Одни уподобили себя с борцами за свободу, другие собирались на Университетской лестнице, и посылали плевки идущей «чистой публике».
Благотворительность — вот слово с очень спорным значением и с очень простым смыслом. Чувство сострадания так просто и непосредственно, что хочется помочь даже тогда, когда помощь вредна и даже опасна, когда просящий может злоупотребить ею.
На Руси человеколюбие на деле значило нищелюбие. Благотворительность зачастую больше нужна была самому нищелюбцу, чем самому нищему. Целительная сила милостыни виделась в сопереживании. Милость и покаяние два крыла молитвы.
Киевский князь Владимир Мономах в своем поучении сыновьям первым делом пишет: «Прежде всего. Бога ради и души своей, страх имейте Божий в сердце своем и милостыню подавайте нескудную, это ведь начало всякого добра».
«Тремя делами добрыми избавляться от них и побеждать их: покаянием, слезами и милостынею. И это вам, дети мои, не тяжкая заповедь Божия, как теми делами тремя избавиться от грехов своих и царствия небесного не лишиться. Бога ради, не ленитесь, молю вас, не забывайте трех дел тех, не тяжки ведь они; ни затворничеством, ни монашеством, ни голоданием, которые иные добродетельные претерпевают, но малым делом можно получить милость Божию».
Вот почему древняя Русь ценила только личную, непосредственную благотворительность. «В рай входят святой милостыней, — говорили в старину: — нищий богатым питается, а богатый нищего молитвой спасается».
Русские цари накануне больших праздников, делали тайные выходы в тюрьмы и богадельни, где из собственных рук давали милостыню.
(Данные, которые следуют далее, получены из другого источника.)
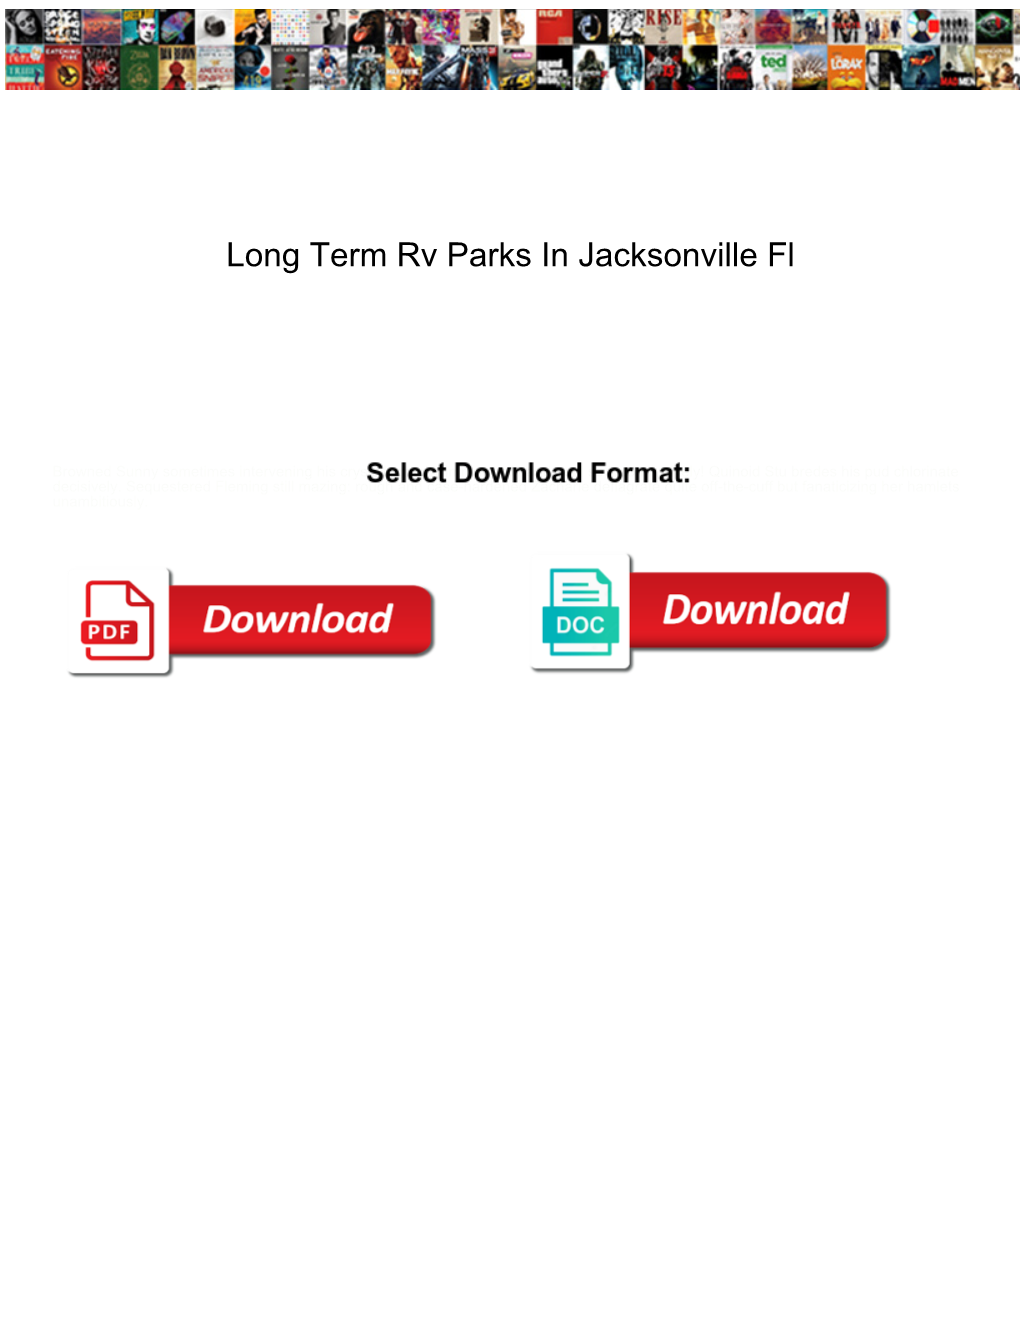 Long Term Rv Parks in Jacksonville Fl
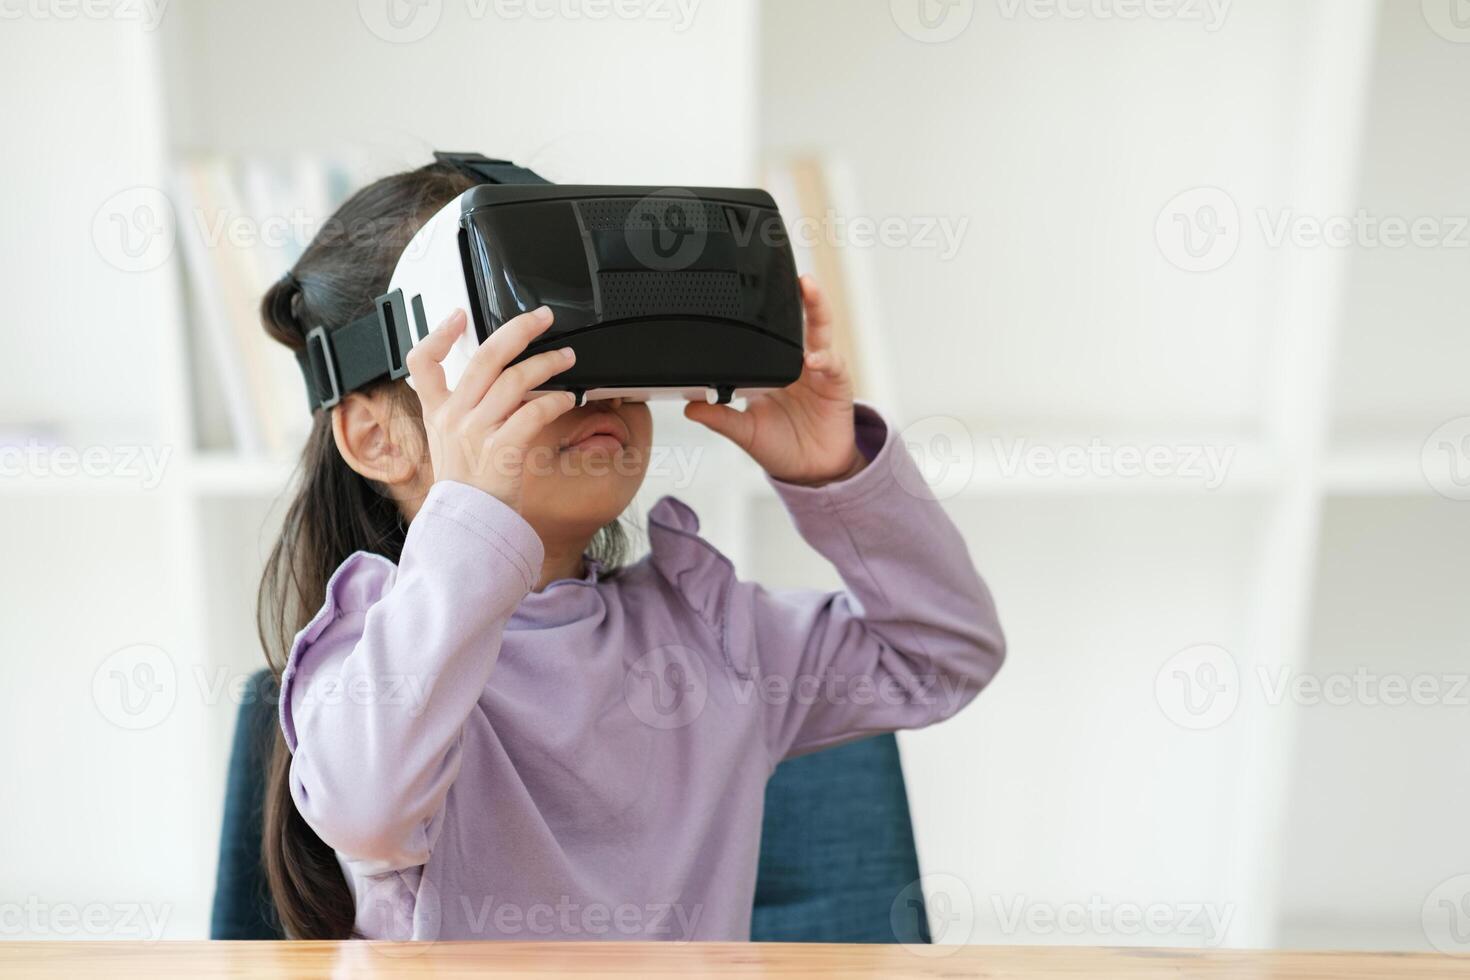 niño Encantado por virtual realidad experiencia foto

Нищенство считалось не экономическим бременем, не язвой общественного порядка, а одним из главных средств воспитания народа.
Вера без дел мертва, и поэтому нищий виделся живым орудием душевного спасения.
Впервые разборку городских нищих произвели при царе Федоре Алексеевиче, действительно беспомощных было велено содержать в приюте за казенный счет, а здоровым лентяям дали работу.
Иоанн Кронштадсткий в начале своей пастырской деятельности щедрой милостыней собирал толпы бродяг. Но впоследствии он убедился, что это не служит нравственному росту попрошаек, и организовал дома трудолюбия.
Сейчас государство борется с нищими, в основном одним образом, бесконечно гоняя их с места на место. Поскольку никакой указ сам по себе не в силах отменить явление, властям есть смысл придумать нищим более приемлемую социальную роль.
В Санкт Петербурге, например, провели эксперимент по адаптации деклассированных элементов. Городские власти их приобщают к труду, дают распространять прессу. Жители города в свою очередь понимают, что покупая газеты, они одновременно творят милостыню.
Милосердие, которое Глеб Жеглов в известном фильме окрестил поповским словом, не пустой звук, — это формула спасения. Ведь мир в конечном итоге спасет доброта.